- Born: 1931 Mosul, Iraq
- Died: September 19, 2012 (aged 80–81) Amman, Jordan
- Occupations: archaeologist, anthropologist, historian, academic, writer, blogger
- Years active: 1965–2012

= Behnam Abu Alsoof =

Iraqi archaeologist, anthropologist, historian and writer

Behnam Nasser Nuaman Abu Alsoof (بهنام ناصر نعمان أبو الصوف Behnam Abu alsouf) (born 1931 in Mosul, Iraq, died September 19, 2012) was an Iraqi Assyriologist, anthropologist, historian and writer.

He was born in Mosul to a Christian Syriac family. He completed his elementary and junior high in the city of Mosul.
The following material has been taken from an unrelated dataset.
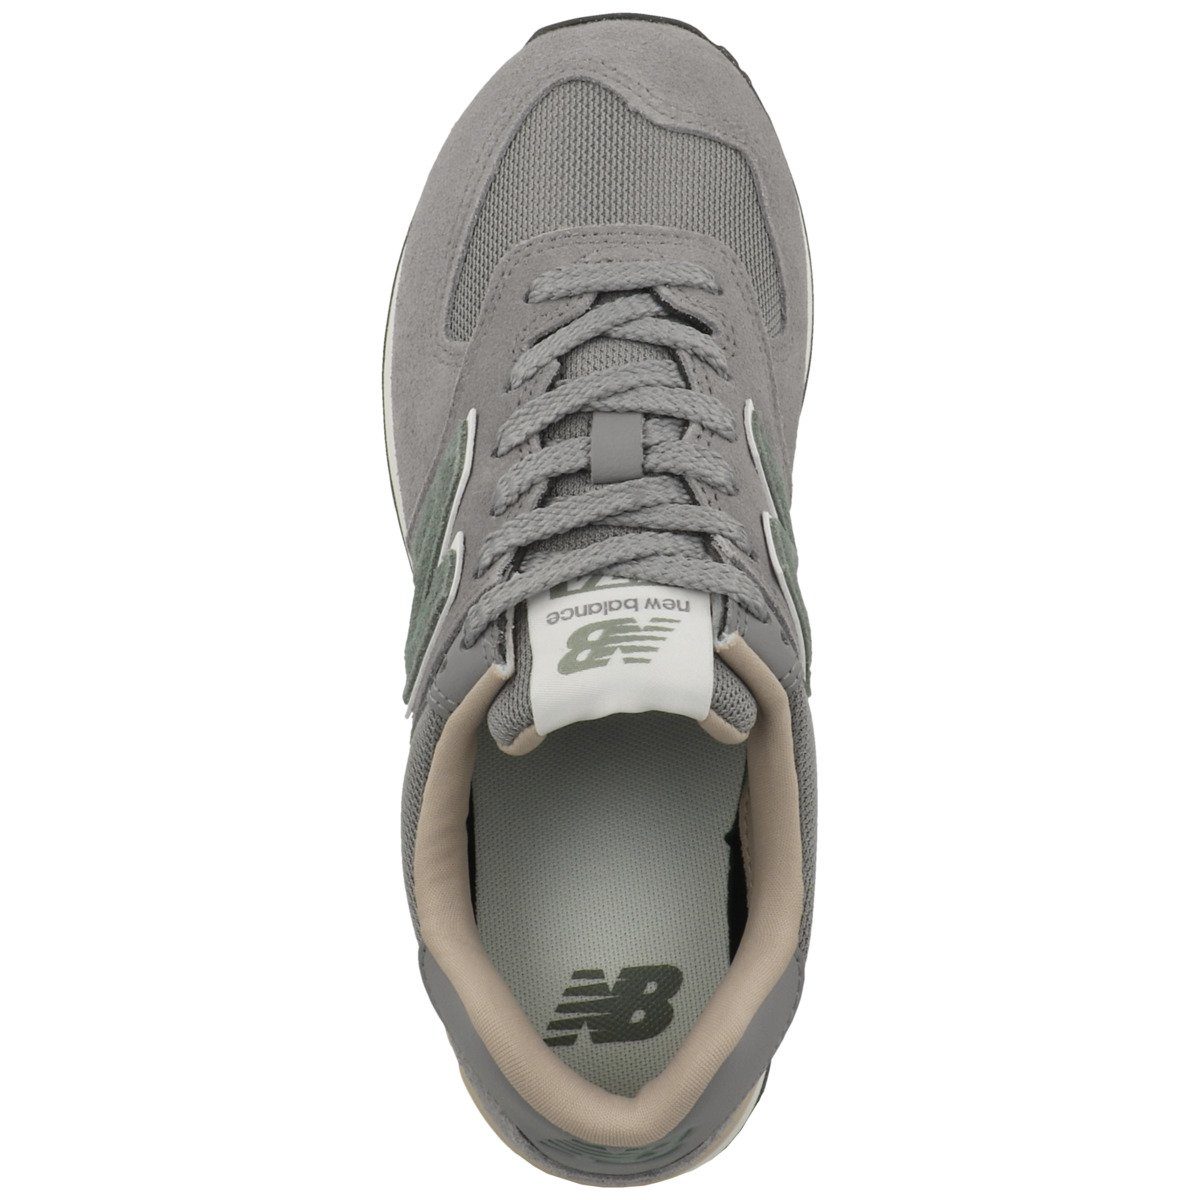 Damen grau WL 574 New Balance Sneaker

He earned a BA in Archaeology and Civilization from the University of Baghdad in 1955. He completed graduate studies at the University of Cambridge, England and received his doctorate degree in Archaeology and the nucleus of civilization and anthropology in the autumn of 1966. He worked on scientific rescue excavations on a wide basin in the Hamrin Dam (in Diyala Governorate), and Mosul Dam on the Tigris River in the late 1970s to mid-1980s. He revealed several archaeological sites in Iraq, including Tell es-Sawwan in Samarra in Saladin Governorate, which was from the Stone Age. He also led his work at the site of Qainj Agha near Erbil Castle to detect a wide range of archaeological evidence from the Uruk period. He lectured for many years at the roots of material civilization, archeology, and history in a number of Iraq's universities and the Institute of Arab history for Graduate Studies.

He wrote several books, including Pottery of Uruk Period: Origins and Spread (English language), The Shadow of the Ancient Valley (Arabic language), and Iraq: The Unity of the Earth, Civilization and Human (Arabic language).

He died on September 19, 2012, in Amman, Jordan at the age of eighty due to a heart attack.

Behnam Abu Alsoof opposed the idea of Assyrian identity and that Syriac Christians are not descendants of ancient Assyrians, instead promoting the idea they are Aramaic Nestorians.